Devin Lambert, the manager at Good Guys Vape Shop, blows a vapor ring while using an e-cigarette in Biddeford, Maine, on Sept. 3. A proposed ban on flavors by the Food and Drug Administration that President Trump outlined Sept. 11, would supersede any state inaction and includes a ban on mint and menthol. (Robert F. Bukaty / Associated Press)

Devin Lambert, the manager at Good Guys Vape Shop, blows a vapor ring while using an e-cigarette in Biddeford, Maine, on Sept. 3. A proposed ban on flavors by the Food and Drug Administration that President Trump outlined Sept. 11, would supersede any state inaction and includes a ban on mint and menthol. (Robert F. Bukaty / Associated Press)

Editorial: FDA needs to go beyond planned vaping flavor ban

That’s a good move, but a spate of lung illnesses shows the need for closer review of vaping products.

By The Herald Editorial Board

The announcement earlier this month by the Trump administration that the Food and Drug Administration would being work to ban all flavors used in e-cigarettes — also known as vape pens — is a welcome response to the explosion in vaping by youths and young adults.

The makers of e-cigarettes and vaping devices have long relied on the claims that their products are a practical alternative to traditional tobacco products and can help people quit smoking because they deliver nicotine but reduce the exposure to a range of cancer-causing and other toxic chemicals.

At the same time, however, the makers of vaping products, such as the industry-leading Juul, have built a growing market around younger customers by developing and promoting a cornucopia of flavors focused on fruit, candy, desserts and the like. Ask yourself: How many adults trying to quit smoking would enjoy the rich, full flavor of something called “fruity pebbles”?

Juul earlier removed its flavored products from retail shelves, but they’ve quickly been replaced by products from other makers, and Juul continues to sell its flavored pods — including mango, creme and fruit — on its website. Online customers are required only to affirm they are over the age of 21 by clicking a box.

The result: Just a year ago, the FDA’s commissioner at that time, Dr. Scott Gottlieb, admitted the agency wasn’t prepared for “what I now believe is an epidemic of e-cigarette use among teenagers,” then as many as 3.6 million U.S. youths.

That growth has not slowed since. Recent data collected by federal health officials show that more than 1 in 4 high school students reported vaping this year, up from 1 in 5 in 2018. And more than 80 percent of youths using e-cigarettes surveyed said they picked their product because it “comes in flavors I like.”

The numbers are little different in Washington state’s Healthy Youth Survey, undertaken by the state Office of the Superintendent of Public Instruction, the Department of Health and other agencies, which surveys students in the eighth, 10th and 12th grades every two years on a range of health issues.

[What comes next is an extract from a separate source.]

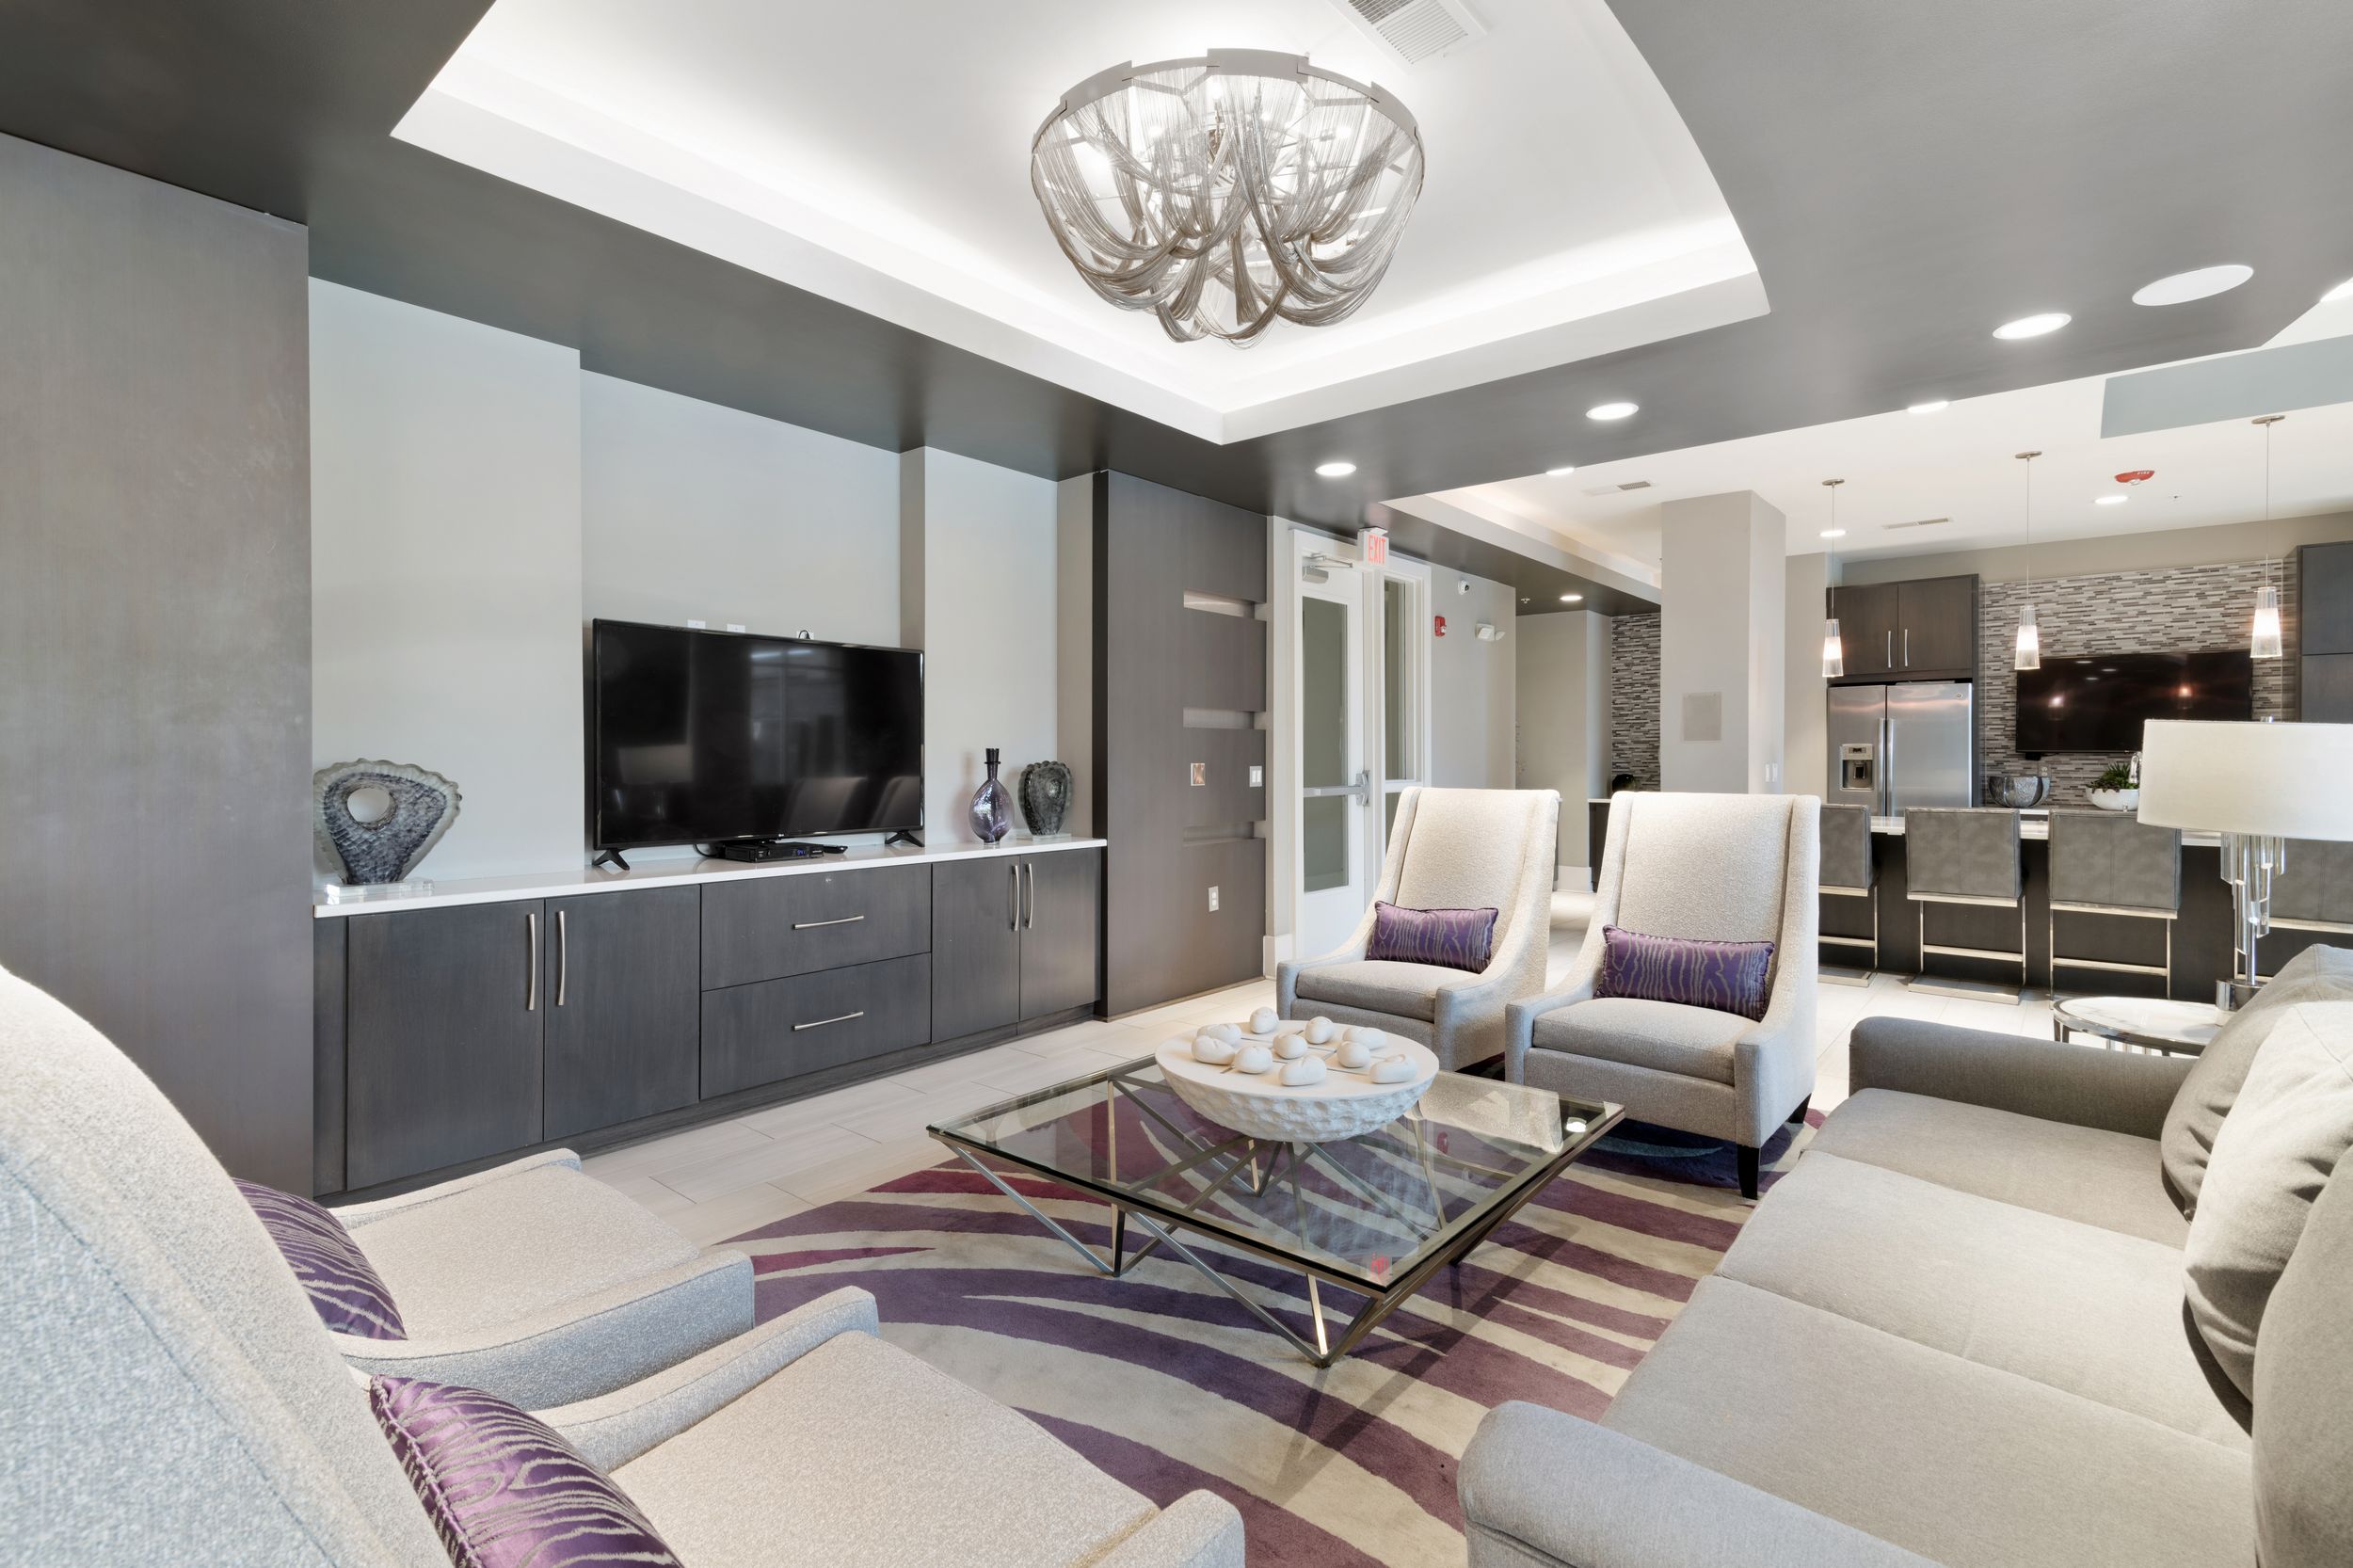 Clubhouse with modern furniture, a full-sized refrigerator, and seating areas with TVs at Lantower Weston Corners.

The survey, asked of students in 2018, found a decrease in smoking rates among those grades from rates in the 2016 survey, but a marked increase in vaping. About 30 percent of 12th graders used e-cigarettes, up 10 percentage points from two years previous; among 10th graders, vaping increased to 21 percent from 13 percent; and among eighth graders, use increased to 10 percent up from 6 percent.

The realistic fear among advocates for youths and health is that, while e-cigarettes may help many adults quit smoking, at the same time it has introduced millions of teens and young adults to nicotine addiction, whether by continued vaping or a transition to traditional smoked tobacco.

Youth health advocates have long asked for a ban on vaping flavors, but the FDA’s recent annoucement is a welcome change from the typical model of further study and pushed-backed deadlines seen elsewhere with e-cigarette regulation.

And it’s the recent rash of reports of illnesses — and even a handful of deaths — among e-cigarette users that should prompt the FDA to reconsider its timeline for fuller regulation of vaping products, including the nictotine-containing liquids and salts used that are heated in e-cigarettes and vape pens.

The FDA has had the authority to regulate e-cigarettes and their components since 2016, but a process requiring makers to submit their wares for review and approval by the FDA that was intended to begin in 2017 has since been delayed until 2022.

That lack of review now lingers around a spate of more than 200 reports of pneumonia-like lung illnesses in the U.S. and at least six deaths linked to vaping. At least one King County teenager was diagnosed last week with a severe lung disease linked to his vaping habit.

The causes remain under investigation; and some may involve vaping of liquids derived from marijuana to deliver THC rather than nicotine, products that would not be regulated by the FDA because they are considered illegal by federal law.

Until those investigations provide a less-clouded picture of what is responsible for vaping illnesses and deaths, e-cigarette users might consider setting aside their vaping products. And if a link is shown between contaminated e-cigarette components and the health scare, they might not want to pick them up again until the FDA is performing the product inspections it promised to provide.